Не случайно поселился здесь тот, кто владел ею теперь. Мысленно увидел. На втором этаже мастерская. Обширный стол, всюду разбросаны наброски, рисунки, черновики стихов, нацарапанные крупным корявым почерком. В дальнем углу холсты и картоны, составленные стоймя.
Из каминной трубы не шел дым, странно. Нет, подумал я, хозяин не может быть в отъезде, разве что случайно…
Вот он – в расстегнутой шубе стоит на крыльце и, театрально подняв руку, приветствует меня.
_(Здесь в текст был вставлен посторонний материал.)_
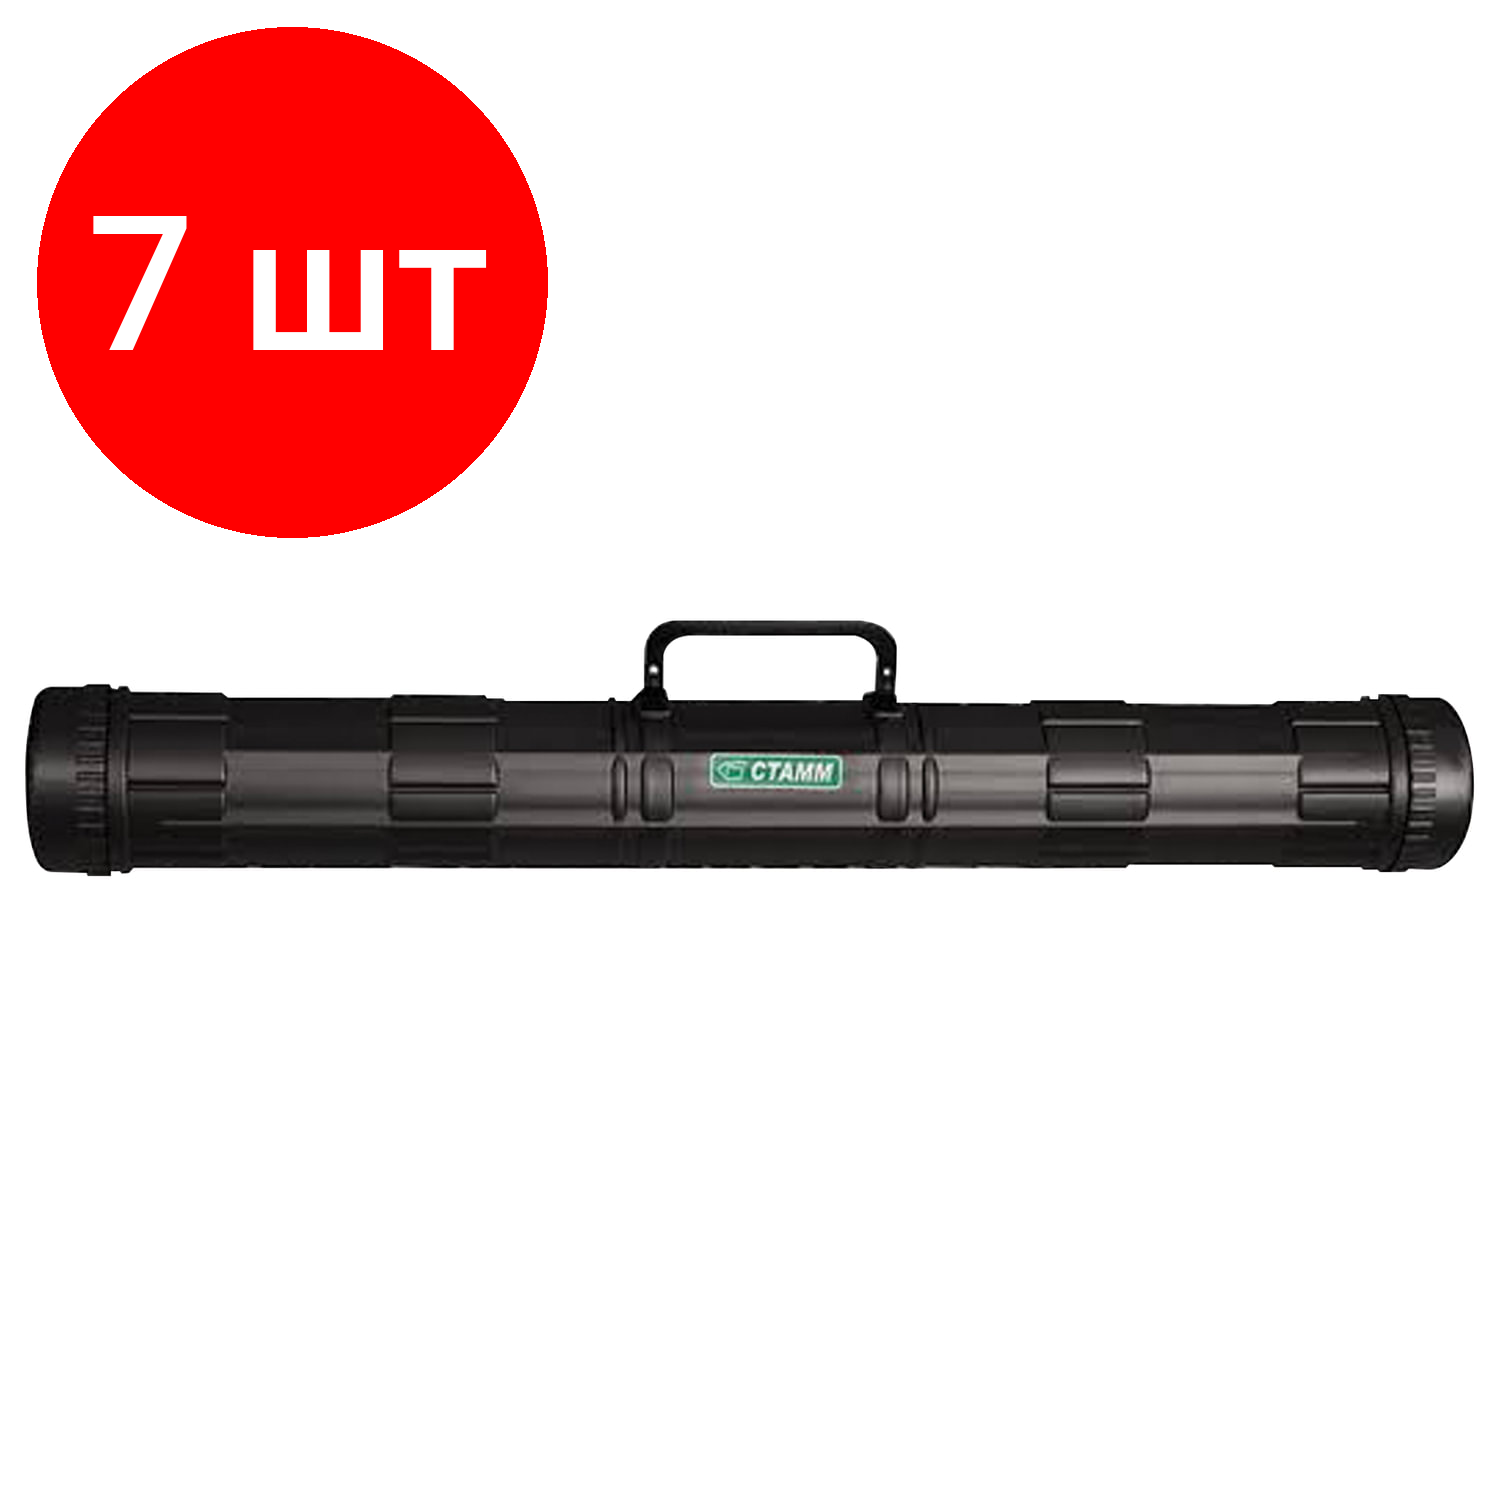 Комплект 7 шт, Тубус для чертежей СТАММ, диаметр 9 см, длина 68 см, А1, черный, с ручкой, ПТ21

(Фотография пожелтелая, наклеенная на серый картон.) Весенний день. Возле террасы с темными стеклышками стоят – молодой Маяковский, серьезный, в дурацком цилиндре – даже набекрень, и тоненькая Ахматова, в белом, длинная нитка бус до пояса, смотрит снизу вверх на него, как на великана. Они разговаривают. Все фотографии обычно говорят. Но эти как бы поддразнивают друг друга.
– Что же Вы, Анна Андреевна, все – стишки, не надоело?
– Не хамите, Владимир Владимирович. Уверяю Вас, не умеете Вы, не идет Вам это фанфаронство, и Ваш идиотский цилиндр снимите. Не стесняйтесь быть поэтом.
– Вы – красивая. Хотите наизусть – всю вашу «Белую стаю»?
– Верю. А знаете, что напишут? Маяковский и Ахматова недолюбливали друг друга и не встречались.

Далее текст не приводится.